» STORED DATA
***

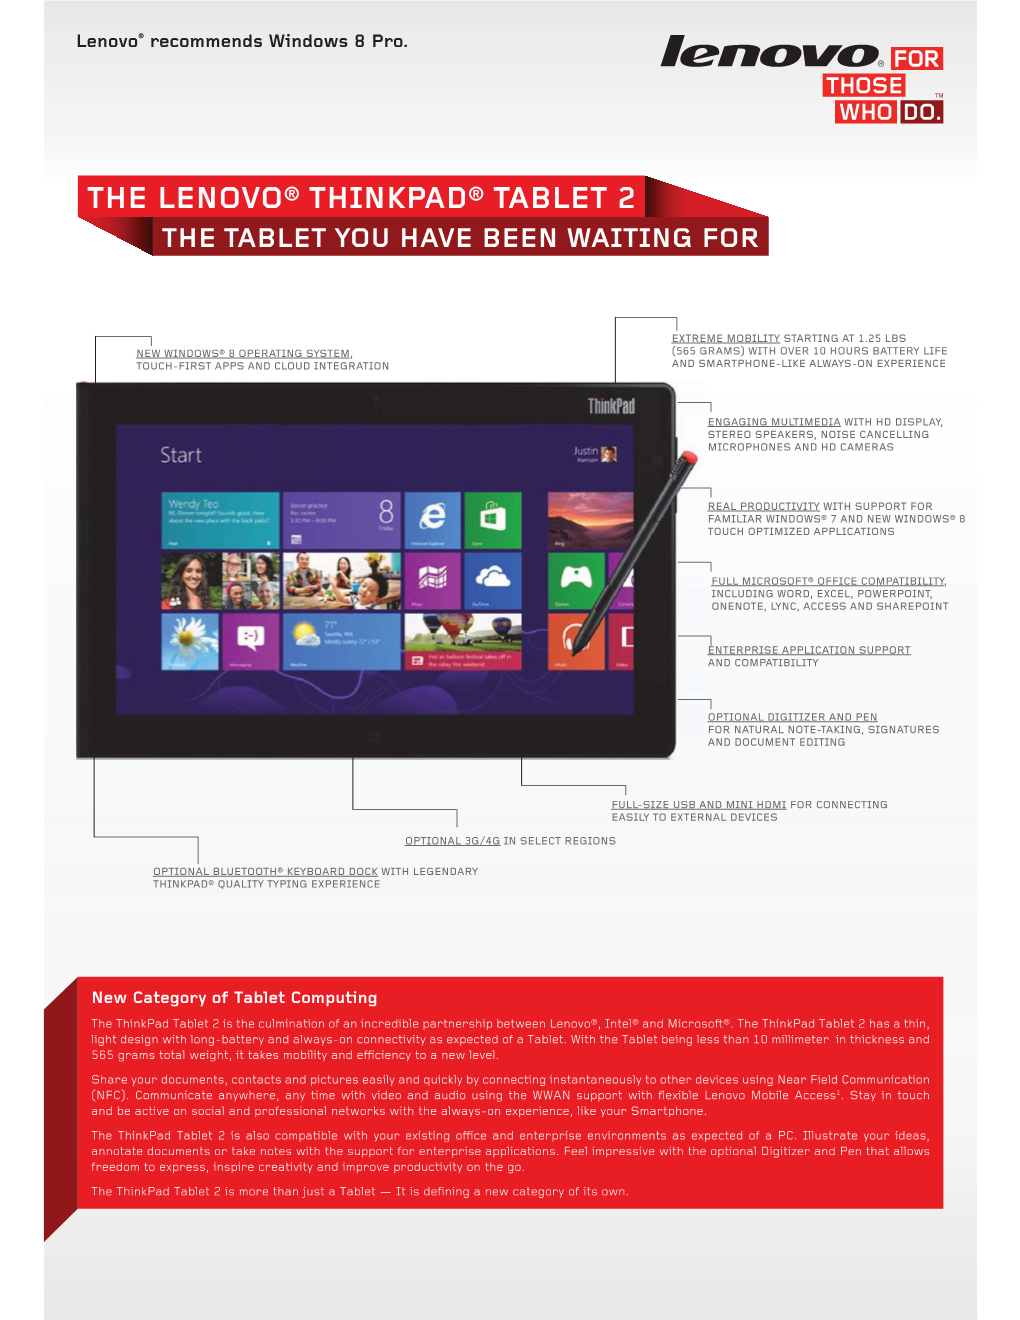 The Lenovo® Thinkpad® Tablet 2 the Tablet You Have Been Waiting For
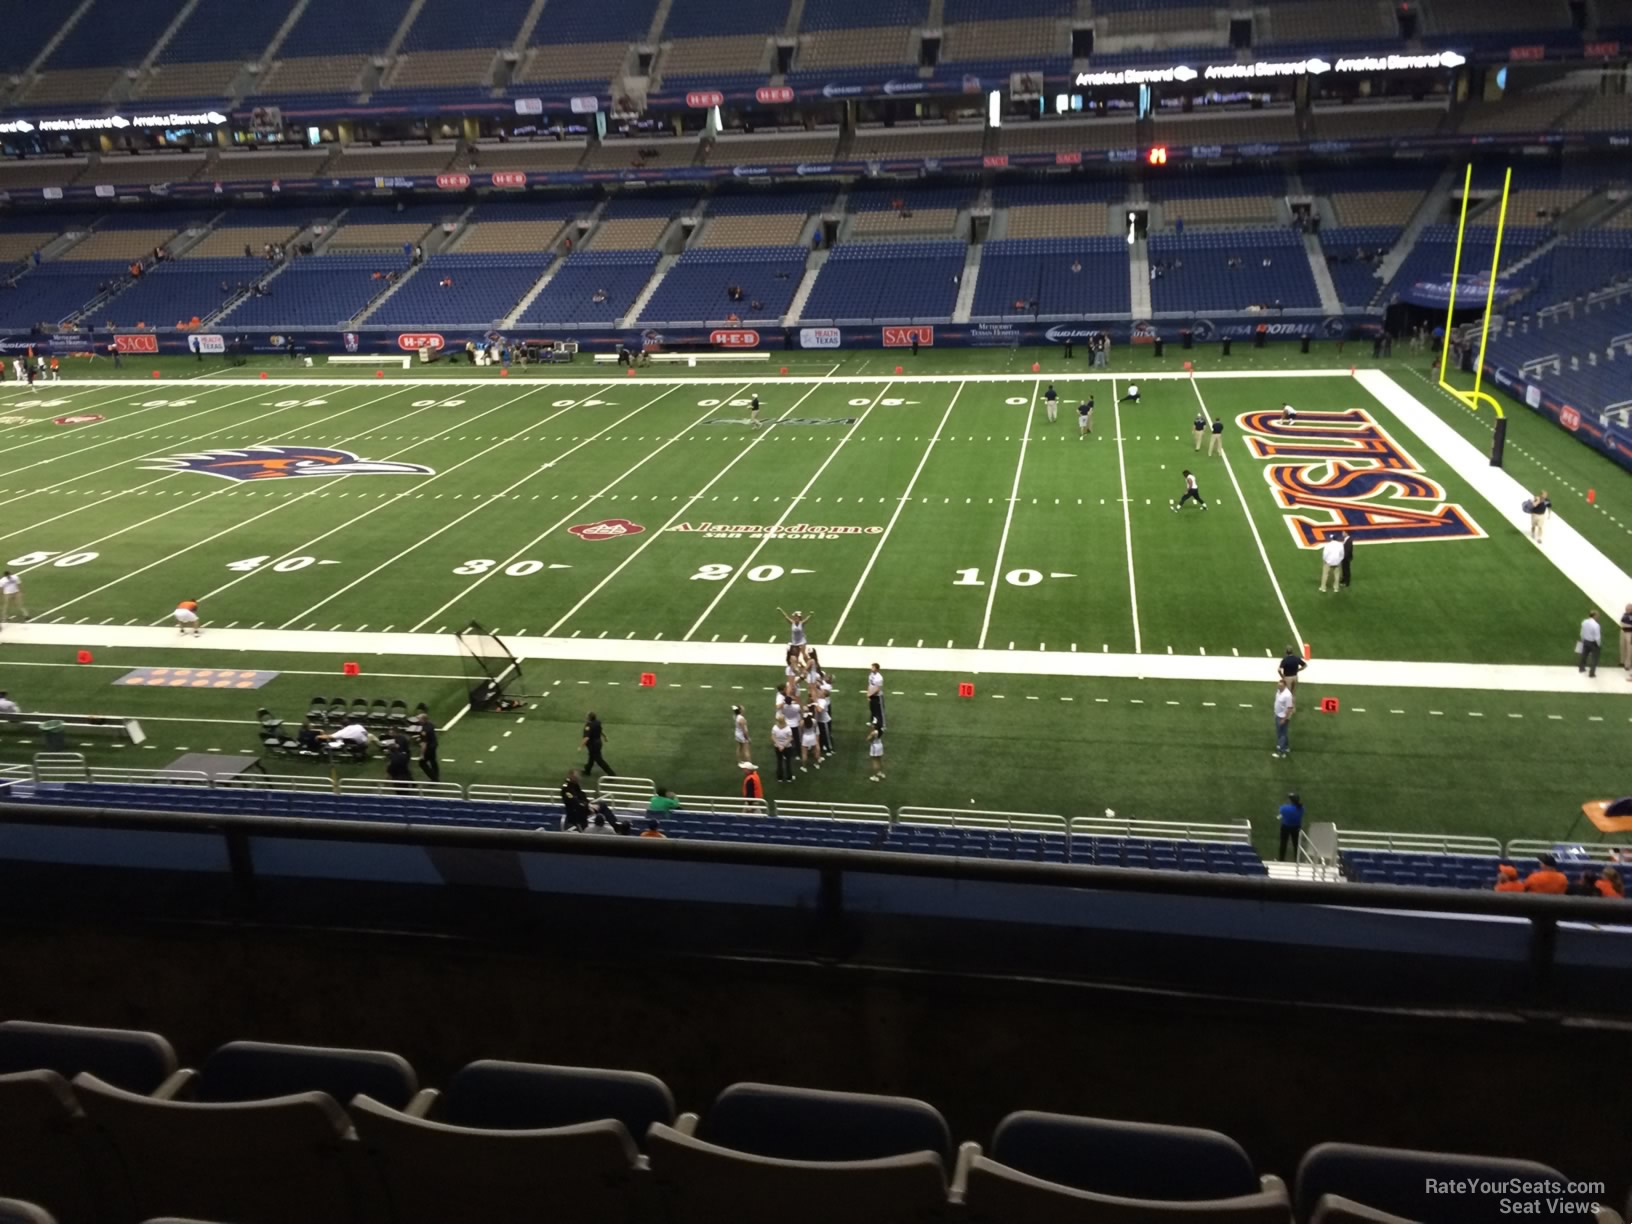 section 209, row 5 seat view  for football - alamodome
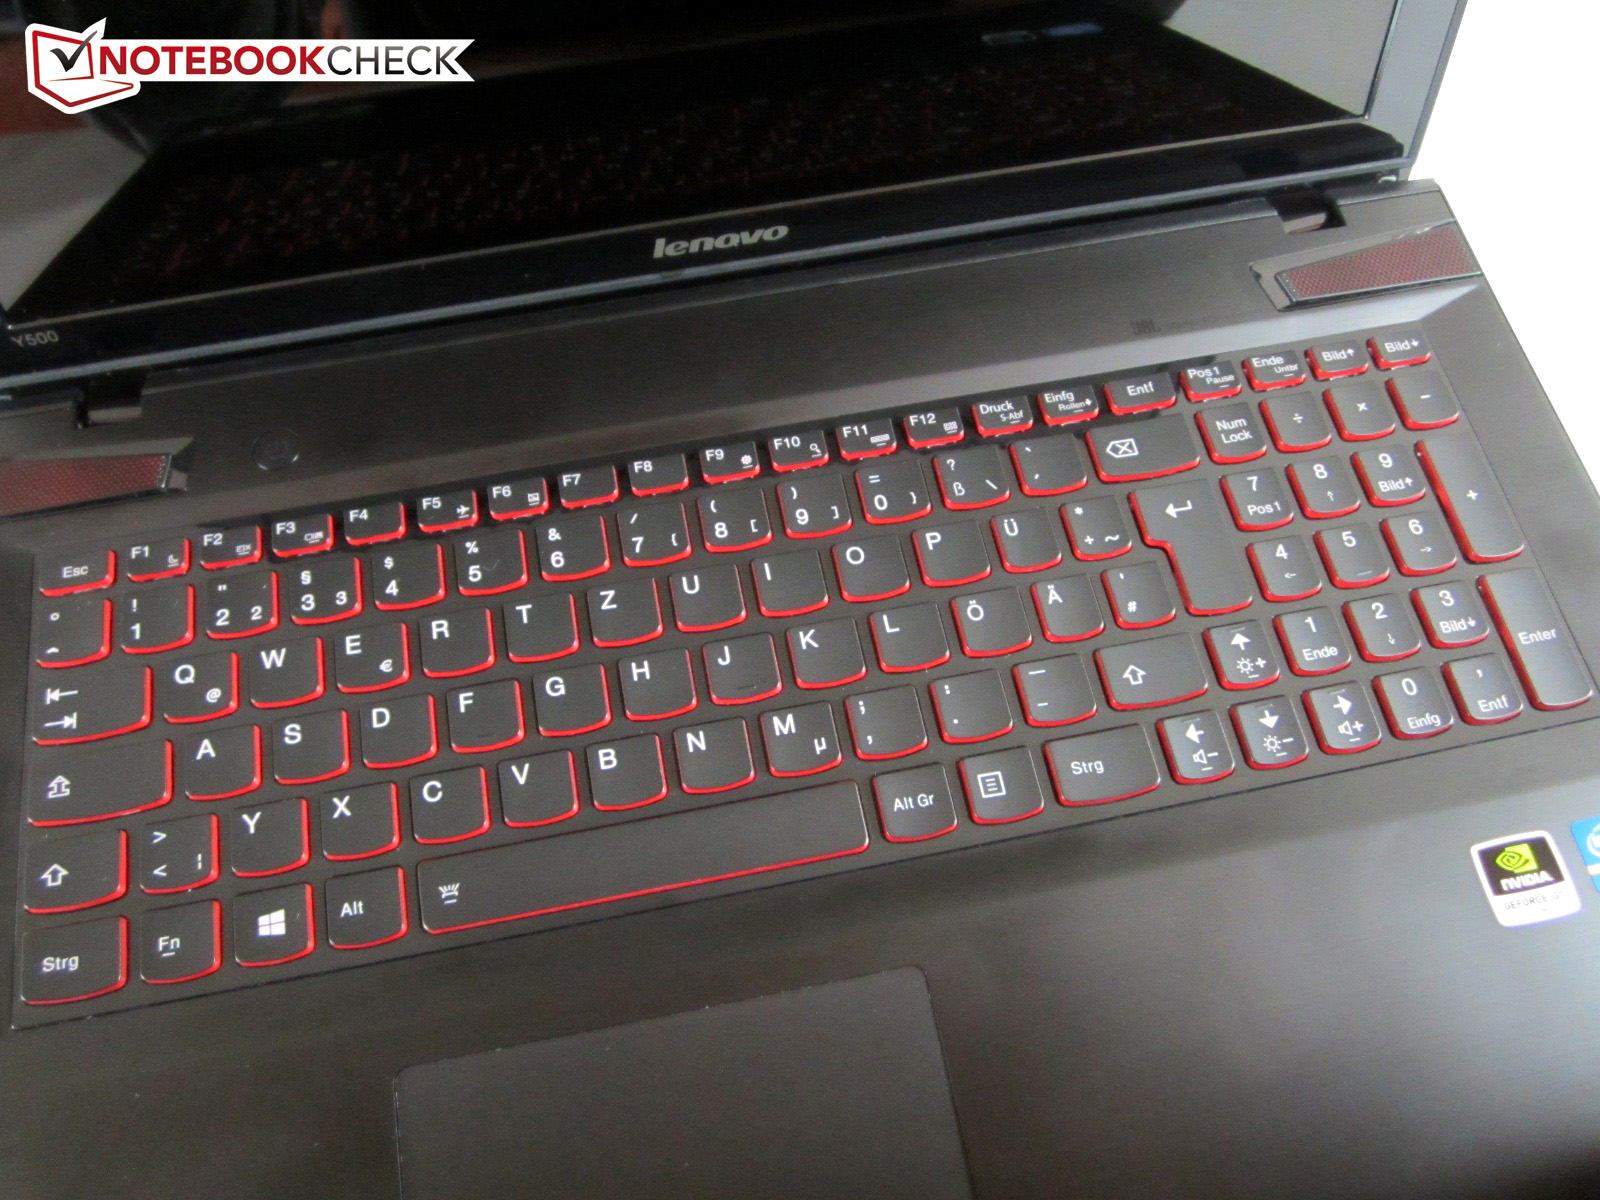 Lenovo Ideapad Y500 Serie Notebookcheck Externe Tests

***

» EXERCISE AIM
Strip out the pictures and quote the remaining data word for word.

» SOLUTION
 The Lenovo® Thinkpad® Tablet 2 the Tablet You Have Been Waiting For
 section 209, row 5 seat view  for football - alamodome
 Lenovo Ideapad Y500 Serie Notebookcheck Externe Tests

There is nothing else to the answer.